Scott Adams, the Dilbert cartoonist, stepped into a huge controversy when he decided to write about Men’s Rights Activists. The original Adams post has been disappeared from Adams’s blog and mysteriously from Google Cache after Adams got lot of criticism. Feministe has the details:
But here’s where Adams pulled a sort of double switcheroo. After insulting Men’s Rights activists, he did them one better with a bizarre, brazenly misogynistic argument that seemed to have been cribbed from some of the more idiotic comments on MRA and “Men Going Their Own Way” message boards. It turned out that the reason Adams thinks men should “get over it” is that … well, you’d best just read it for yourself.
The reality is that women are treated differently by society for exactly the same reason that children and the mentally handicapped are treated differently.
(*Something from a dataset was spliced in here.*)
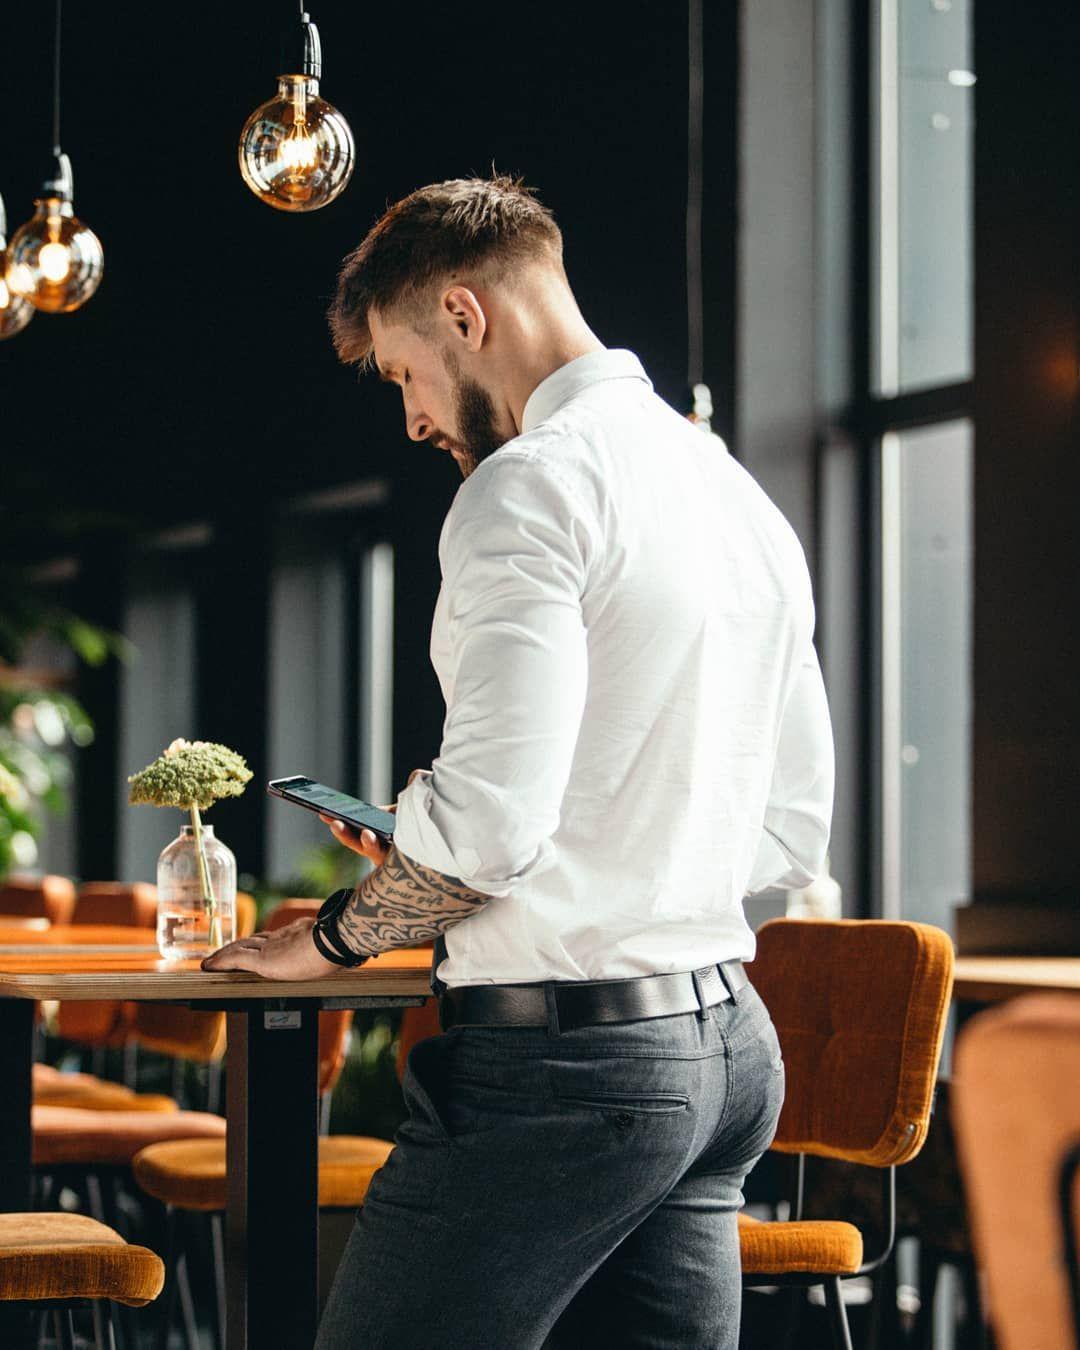 پیراهن مردانه نوین روز تناسب اندام

It’s just easier this way for everyone. You don’t argue with a four-year old about why he shouldn’t eat candy for dinner. You don’t punch a mentally handicapped guy even if he punches you first. And you don’t argue when a women tells you she’s only making 80 cents to your dollar. It’s the path of least resistance. You save your energy for more important battles.
As Kyle’s mom would say: “what what what??” This is the sort of shit you expect from some low-grade loser on a misogynist Mecca like The Spearhead. But no, this is Scott Adams, internationally famous cartoonist and bestselling author. Instead of trying to explain just what the fuck he means by all this, Adams continued on with a very strange, and strangely sexual, chess metaphor:
How many times do we men suppress our natural instincts for sex and aggression just to get something better in the long run? It’s called a strategy. Sometimes you sacrifice a pawn to nail the queen. If you’re still crying about your pawn when you’re having your way with the queen, there’s something wrong with you and it isn’t men’s rights.
I would write more about how women are now expected to work and raise children, all for less money than a man makes but my feeble, child-like womanbrain can’t process things so fast.